§ **Required work**
If a line below holds the word "Hair", count it; then say how many such lines there are and nothing else.

Saved entries:
-- -- --

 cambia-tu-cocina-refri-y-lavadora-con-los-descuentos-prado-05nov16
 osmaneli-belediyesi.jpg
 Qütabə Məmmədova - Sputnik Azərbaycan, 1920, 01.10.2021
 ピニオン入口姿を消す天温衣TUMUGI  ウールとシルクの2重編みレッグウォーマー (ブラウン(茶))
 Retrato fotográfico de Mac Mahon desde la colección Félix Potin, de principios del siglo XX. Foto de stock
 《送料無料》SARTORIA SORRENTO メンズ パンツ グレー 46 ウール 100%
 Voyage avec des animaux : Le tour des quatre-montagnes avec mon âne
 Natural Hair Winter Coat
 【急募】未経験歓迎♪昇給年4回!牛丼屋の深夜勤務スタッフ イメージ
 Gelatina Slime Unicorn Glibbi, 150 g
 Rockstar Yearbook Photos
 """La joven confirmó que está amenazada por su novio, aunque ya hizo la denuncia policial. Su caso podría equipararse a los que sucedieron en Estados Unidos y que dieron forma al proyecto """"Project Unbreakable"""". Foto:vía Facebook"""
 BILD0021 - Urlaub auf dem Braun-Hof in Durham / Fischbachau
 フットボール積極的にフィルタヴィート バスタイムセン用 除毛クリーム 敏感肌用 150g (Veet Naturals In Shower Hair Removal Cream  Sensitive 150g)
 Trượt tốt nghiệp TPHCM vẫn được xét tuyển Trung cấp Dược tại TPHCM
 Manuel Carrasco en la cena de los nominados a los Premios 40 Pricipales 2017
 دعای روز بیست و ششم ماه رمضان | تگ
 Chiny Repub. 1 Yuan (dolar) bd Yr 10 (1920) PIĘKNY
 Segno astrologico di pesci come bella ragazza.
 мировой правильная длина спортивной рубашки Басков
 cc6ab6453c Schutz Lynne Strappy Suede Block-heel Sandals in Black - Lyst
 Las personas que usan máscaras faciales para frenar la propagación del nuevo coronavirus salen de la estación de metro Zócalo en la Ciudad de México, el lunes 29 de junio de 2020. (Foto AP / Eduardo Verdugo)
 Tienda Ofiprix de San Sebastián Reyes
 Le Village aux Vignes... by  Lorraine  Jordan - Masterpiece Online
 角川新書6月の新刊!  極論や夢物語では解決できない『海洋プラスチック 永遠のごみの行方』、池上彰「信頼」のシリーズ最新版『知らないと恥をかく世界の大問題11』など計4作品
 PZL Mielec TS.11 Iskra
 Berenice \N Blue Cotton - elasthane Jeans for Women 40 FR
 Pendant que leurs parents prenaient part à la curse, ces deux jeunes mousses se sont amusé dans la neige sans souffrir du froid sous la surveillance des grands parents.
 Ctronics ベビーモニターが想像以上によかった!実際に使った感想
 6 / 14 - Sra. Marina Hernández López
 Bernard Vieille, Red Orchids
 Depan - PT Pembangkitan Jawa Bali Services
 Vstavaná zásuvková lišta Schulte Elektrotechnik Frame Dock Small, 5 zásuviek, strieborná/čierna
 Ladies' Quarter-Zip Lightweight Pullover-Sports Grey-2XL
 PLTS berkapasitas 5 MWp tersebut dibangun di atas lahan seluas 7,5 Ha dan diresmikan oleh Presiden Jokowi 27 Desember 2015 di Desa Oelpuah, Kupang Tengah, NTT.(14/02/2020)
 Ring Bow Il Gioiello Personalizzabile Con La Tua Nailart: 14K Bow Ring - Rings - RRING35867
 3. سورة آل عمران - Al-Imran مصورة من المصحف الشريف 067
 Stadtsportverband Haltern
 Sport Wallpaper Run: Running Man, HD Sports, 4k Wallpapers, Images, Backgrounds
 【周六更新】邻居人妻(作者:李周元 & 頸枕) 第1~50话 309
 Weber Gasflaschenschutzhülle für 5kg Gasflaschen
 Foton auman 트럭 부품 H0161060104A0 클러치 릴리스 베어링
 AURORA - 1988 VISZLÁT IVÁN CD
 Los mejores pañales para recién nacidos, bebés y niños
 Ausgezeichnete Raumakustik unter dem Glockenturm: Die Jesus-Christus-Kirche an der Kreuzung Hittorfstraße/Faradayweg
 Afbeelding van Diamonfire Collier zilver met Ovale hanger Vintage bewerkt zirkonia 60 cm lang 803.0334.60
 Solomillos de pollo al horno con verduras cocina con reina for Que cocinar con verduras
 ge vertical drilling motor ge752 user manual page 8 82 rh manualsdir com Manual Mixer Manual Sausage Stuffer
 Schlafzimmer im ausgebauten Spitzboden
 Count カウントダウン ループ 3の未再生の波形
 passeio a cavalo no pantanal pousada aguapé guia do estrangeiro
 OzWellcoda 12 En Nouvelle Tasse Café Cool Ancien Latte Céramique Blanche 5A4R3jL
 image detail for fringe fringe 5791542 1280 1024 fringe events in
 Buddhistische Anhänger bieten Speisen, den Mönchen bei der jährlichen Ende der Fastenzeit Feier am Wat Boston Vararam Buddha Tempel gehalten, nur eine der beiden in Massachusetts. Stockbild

-- -- --

§ **Response to this exercise**
2